- [Task directions] Take the data below and filter it for lines containing the word "plywood"; show each line found.

- [Input]
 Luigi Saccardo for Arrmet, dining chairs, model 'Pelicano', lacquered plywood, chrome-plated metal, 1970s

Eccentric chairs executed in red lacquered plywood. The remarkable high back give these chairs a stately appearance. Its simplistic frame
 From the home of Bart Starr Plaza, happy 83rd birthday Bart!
--
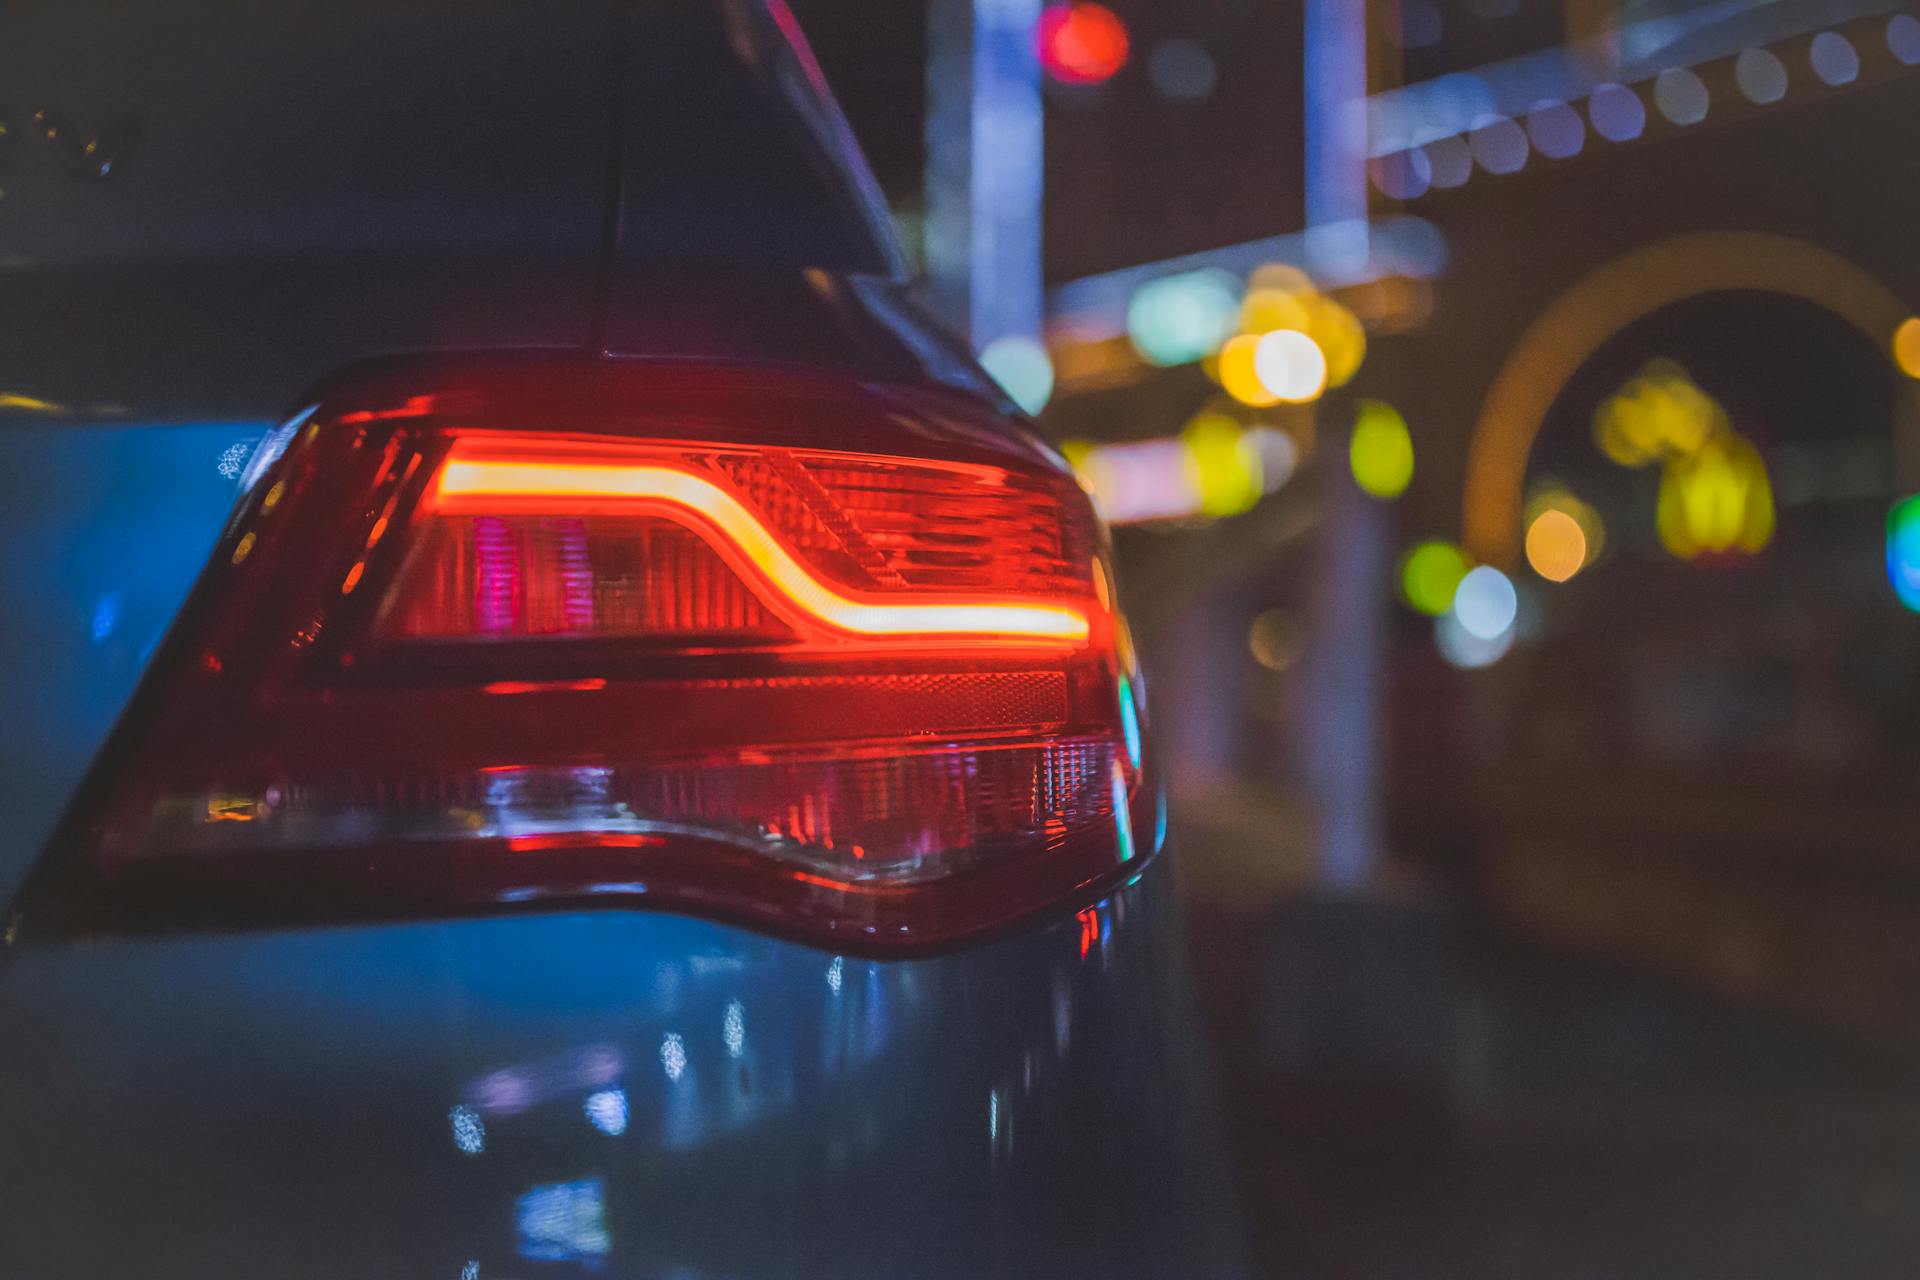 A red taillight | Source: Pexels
* * *
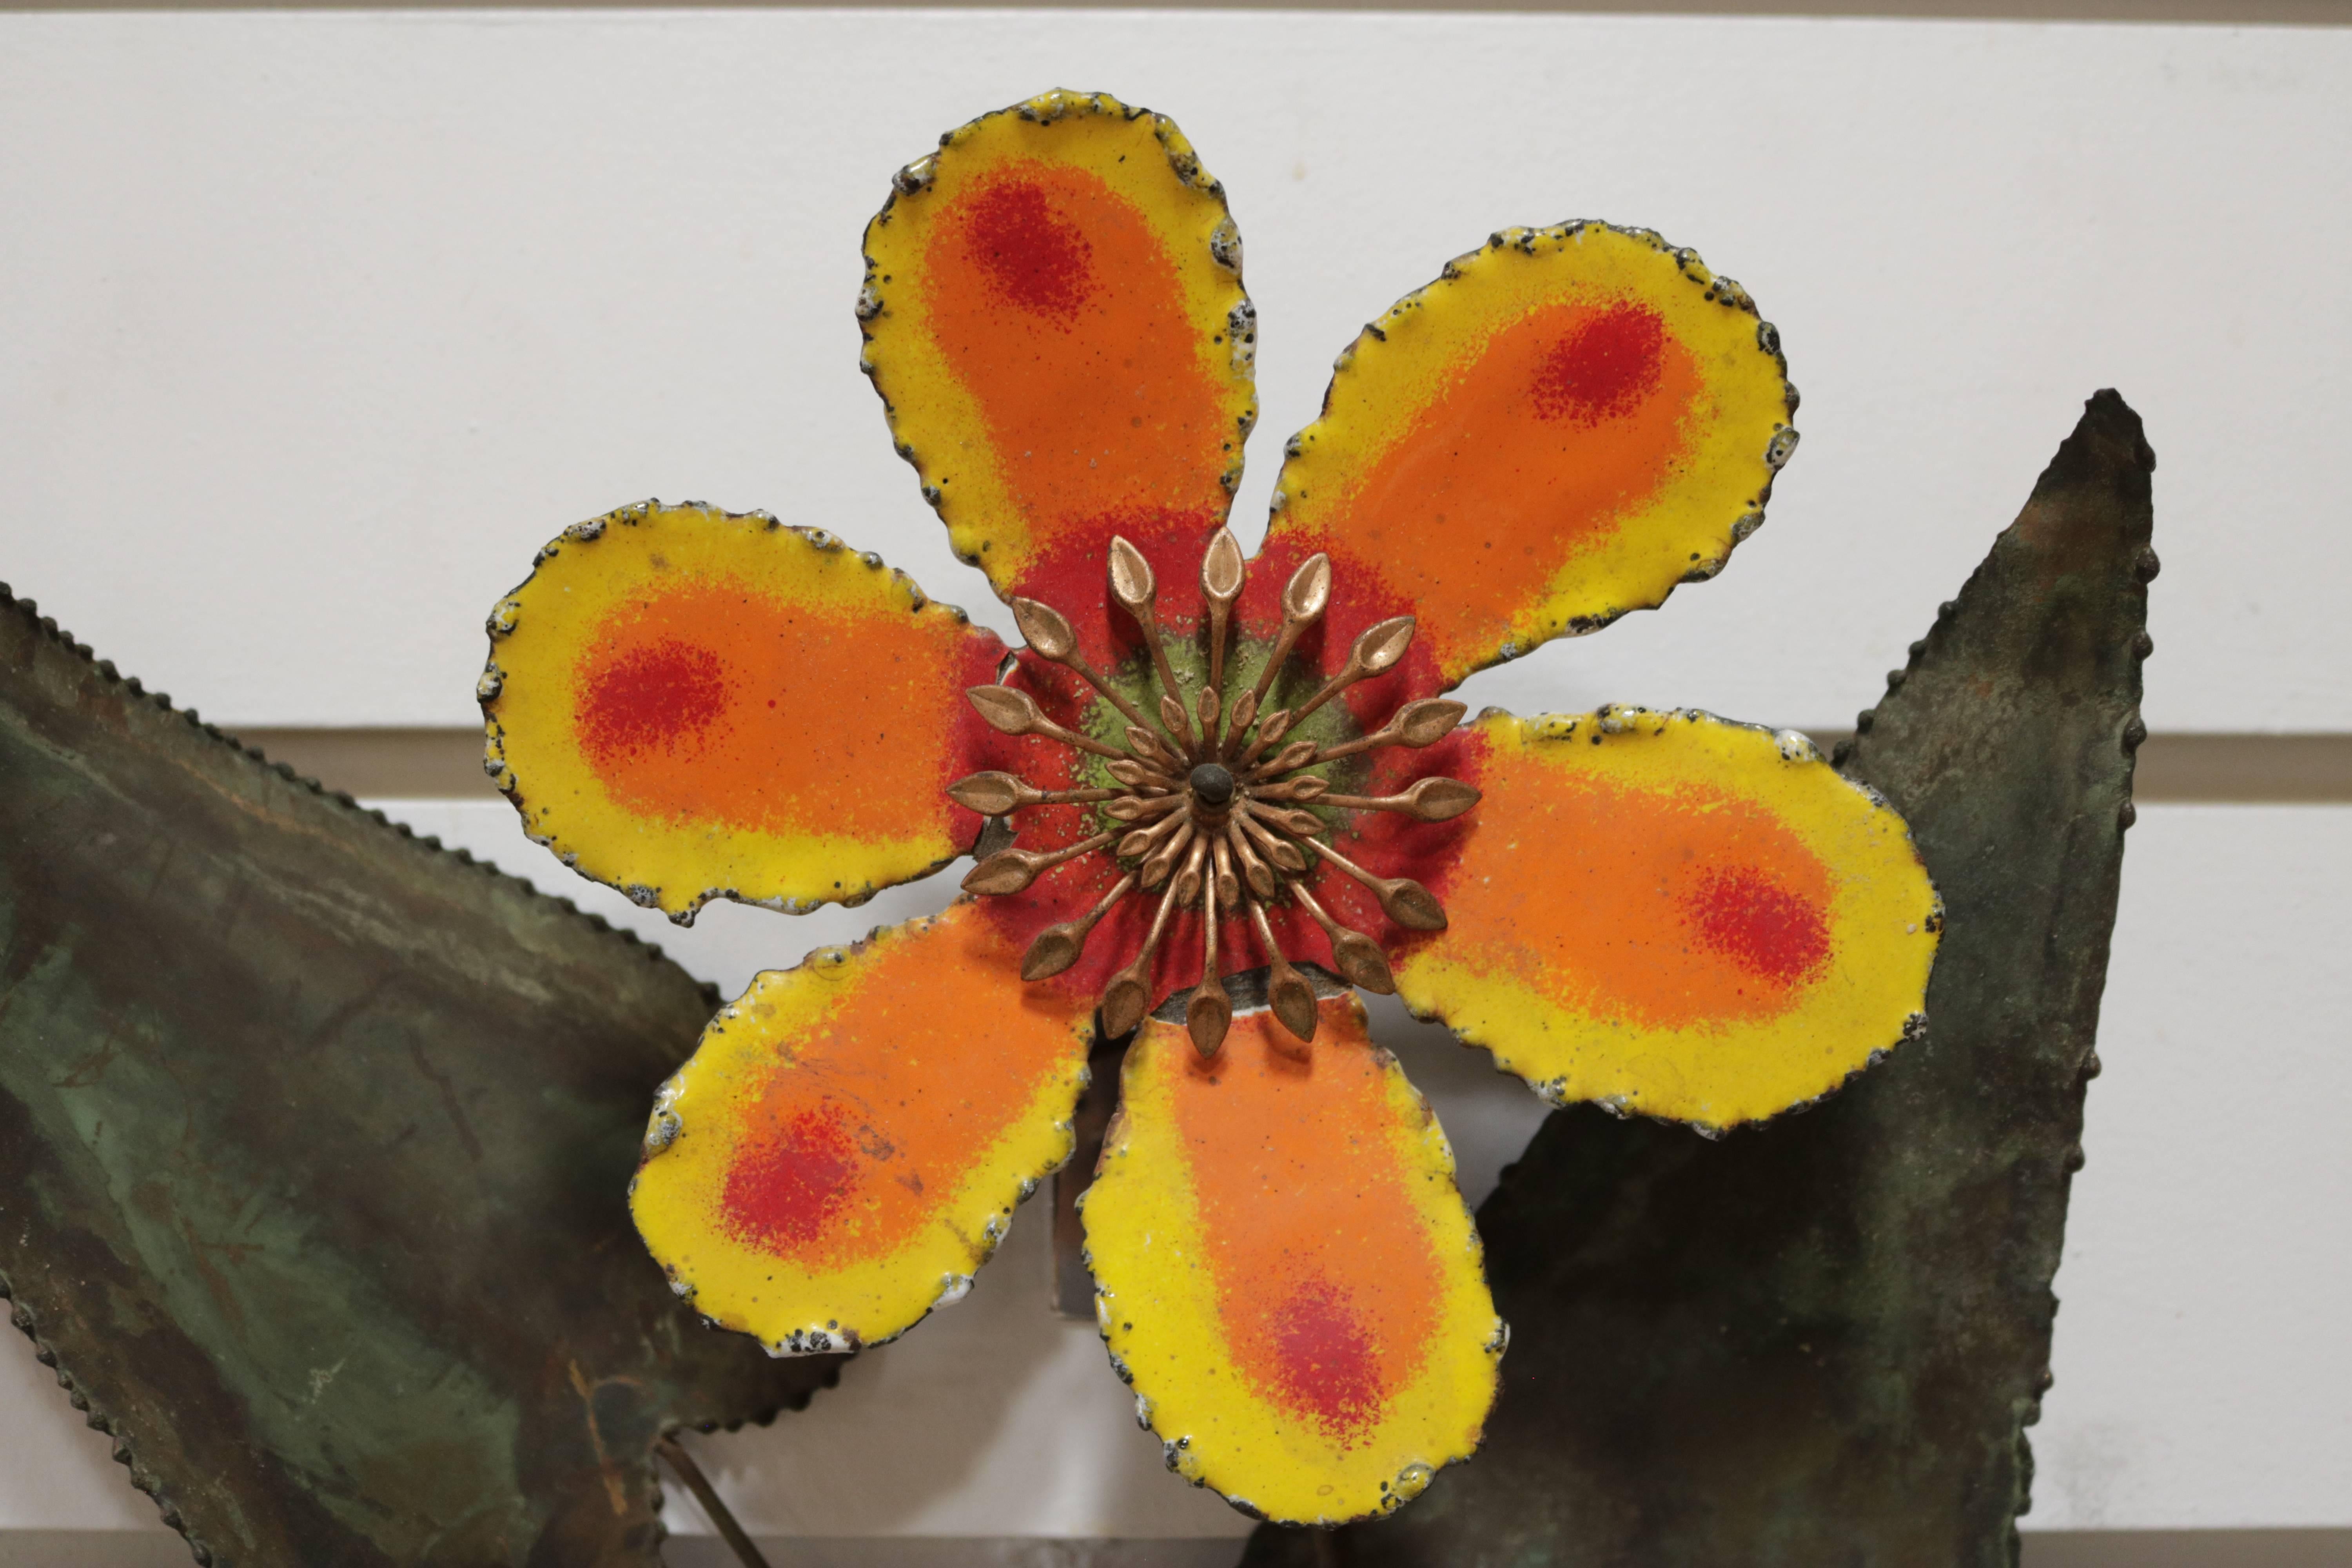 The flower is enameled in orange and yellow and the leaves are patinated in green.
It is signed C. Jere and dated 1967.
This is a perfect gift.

- [Task output]
 Luigi Saccardo for Arrmet, dining chairs, model 'Pelicano', lacquered plywood, chrome-plated metal, 1970s
Eccentric chairs executed in red lacquered plywood. The remarkable high back give these chairs a stately appearance. Its simplistic frame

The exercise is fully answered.